Introduction and the mindset:
8-10% of my wealth is in the US stock market, other almost 90% in real estate in Europe for flipping. As for the stocks, you got to have a diversified portfolio in my opinion. My experience tells me you can be lucky sometimes and you also gonna be unlucky at any given time (and it’s unexpected all the time). So one can not count on luck and/or feelings (I call it being on Hope-ium) or future expectations based on past performance. This is the reason for the need of diversification, especially in this unprecedented (word of 2020, right?) environment. Lots of analysts say the market is overvalued, stock prices are overstretched (the SPY and tech at least). I think this is partially true and it does matter sometimes, it does not matter too much other times and/or instances as you’ll see soon below. OK, too much talk already, I will show you my portfolio, all my past ideas and talk about them with numbers, entry points, targets and even risks.
My past fundamental ideas (as for reputation, not a bluffer):
In 2019 I only had 2 ideas, both based on my fundamental analysis and they were for investment (so, not for short term trade ideas). Tesla and Bitcoin. For TSLA my entry plan and buying advice was @ $426 in December (pre-split price, so if you are new, divide it by 5). For BTC I stated that I recon we have to wait for the beginning of 2020 (according to my plan it was most likely for about February) and buy the expected dip - according to my readings - at $5500. Of course Covid came and things got crazy, but we didn’t expect that. Lots of losses and learning, but here I share some useful thoughts and ideas. I learned technical analysis, but these fundamental ideas born according to my own research, also I didn’t know any known influencer back then.

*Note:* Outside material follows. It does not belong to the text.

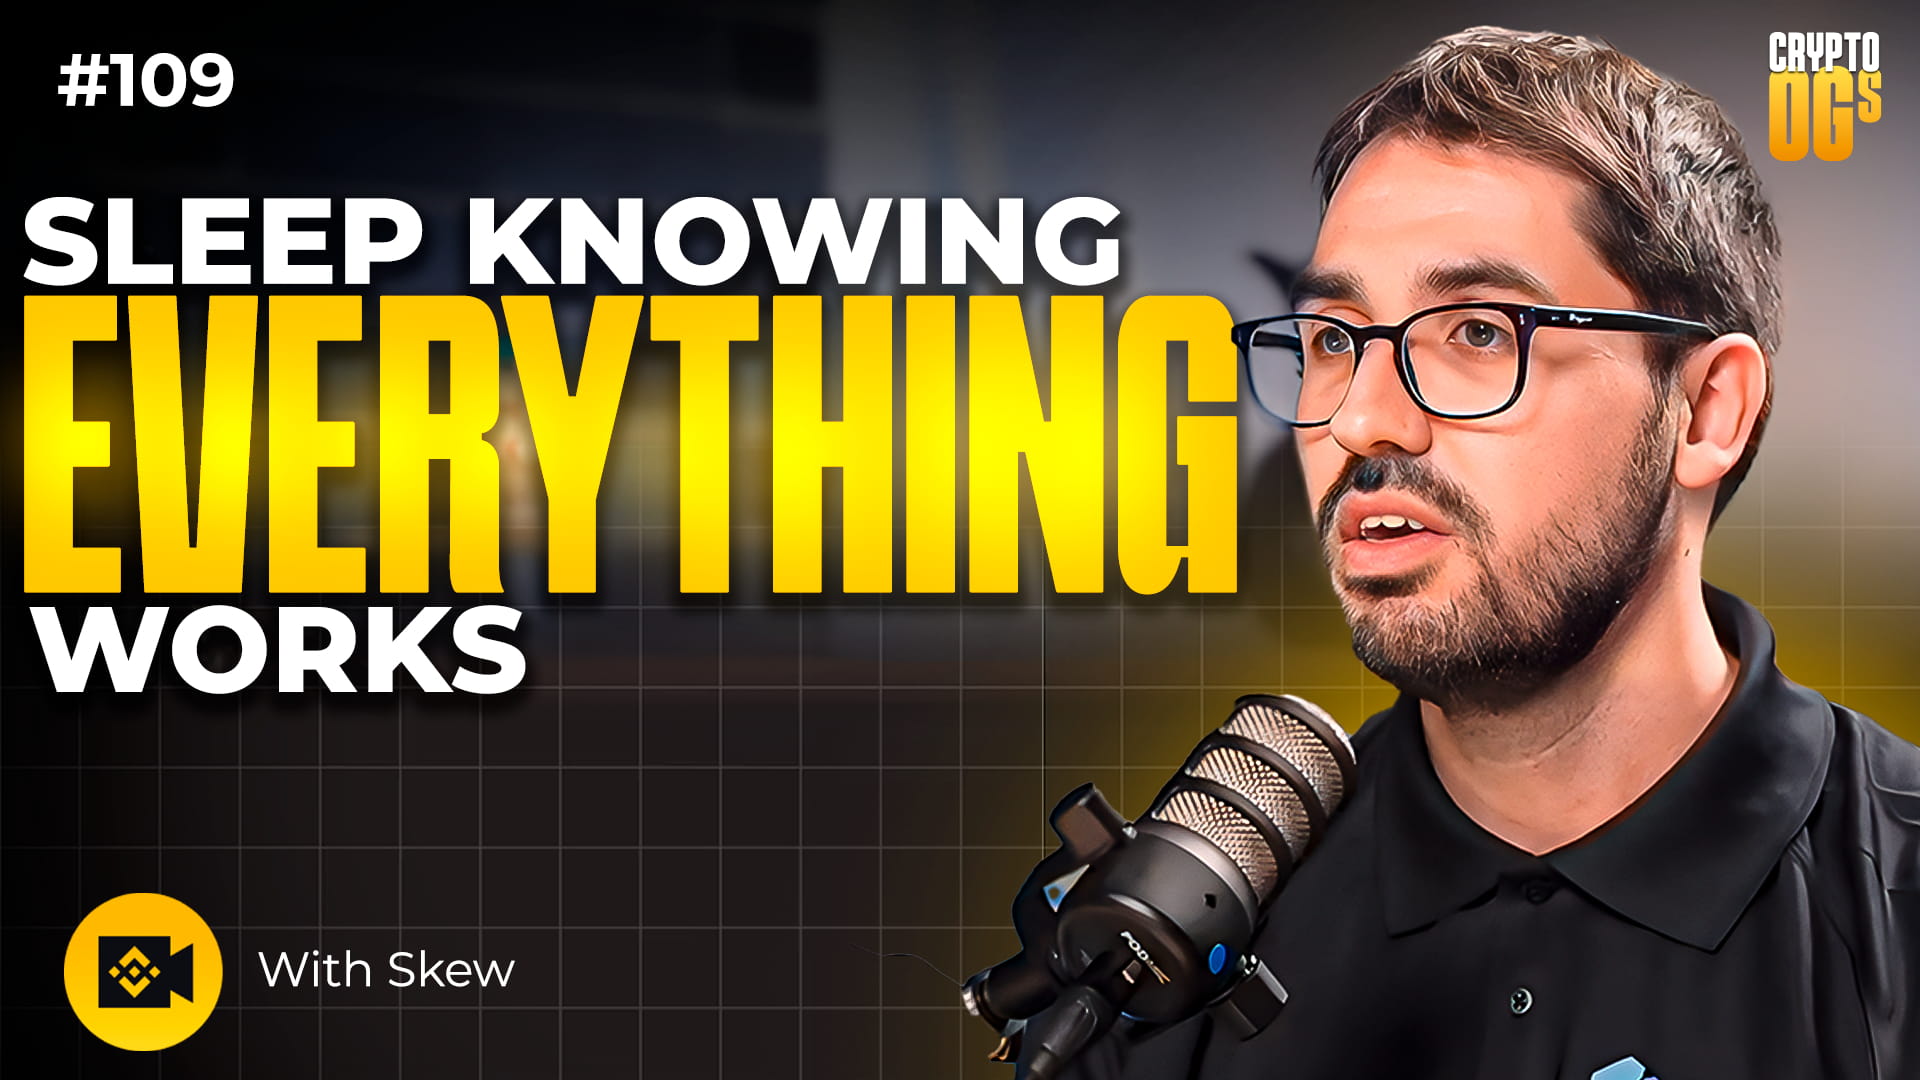 Sleep Knowing Everything works | Crypto OGs Ft Skew | Episode 109

My recent/actual ideas and how to do it:
I divide my stock portfolio for 5 sectors in a way that if even 3 or 4 of them fails, the other 1 or 2 will pay out so much, I wouldn’t mind and never lose on the whole. My sectors watched: 1.REIT (they will recover and pay good dividends) 2.Energy (they will recover as soon as Covid is over) 3.Commodities (we need them whatever happens) 4.Biotech (necessity too, no matter what) 5.Insurance (self explanatory). The SPY is driven by tech, so I left it out for now (with a small exception), as no need to risk now, because tech is a bit overstretched at the moment and even if it’s going way higher, my ideas will too. But if tech is not going higher, I will still make profits (hence the so called ‘K-shape recovery’). Not easy to do this in such overvalued levels but not everything is expensive and also note, that not every cheap stock is going to die off, so the main buying habit of mine is what George Gammon likes also: “I buy a dollar for fifty cents” if I may quote him here. This idea means that I buy according to the actual (and my own) valuation, plus looking at the current stock price of the company and not according to the momentum or the horde or in other words the ‘best performers’ according to popular Youtubers, similar influencers (or the mainstream media for that matter), as history tells me that the majority loses and the minority wins (at least during those crazy unprecedented times like now when soon everyone is in the stock market. The examples I analyzed: 1929, 2000, 2008. And doesn’t the 2008 example tell you that it would be wiser to be on the side of Michael Burry during the stock market rally instead of everyone else?) But yeah, I know, it’s not easy and also, “this time will be different”, right? :D Jokes aside, I believe at least in a way this time it actually could be different, the task is to understand fundamentals, think a lot and make smart decisions based on your own research. And the more you read and think, the closer you might get to some advantage and some solution that will pay off highly likely in every possible scenario in the future.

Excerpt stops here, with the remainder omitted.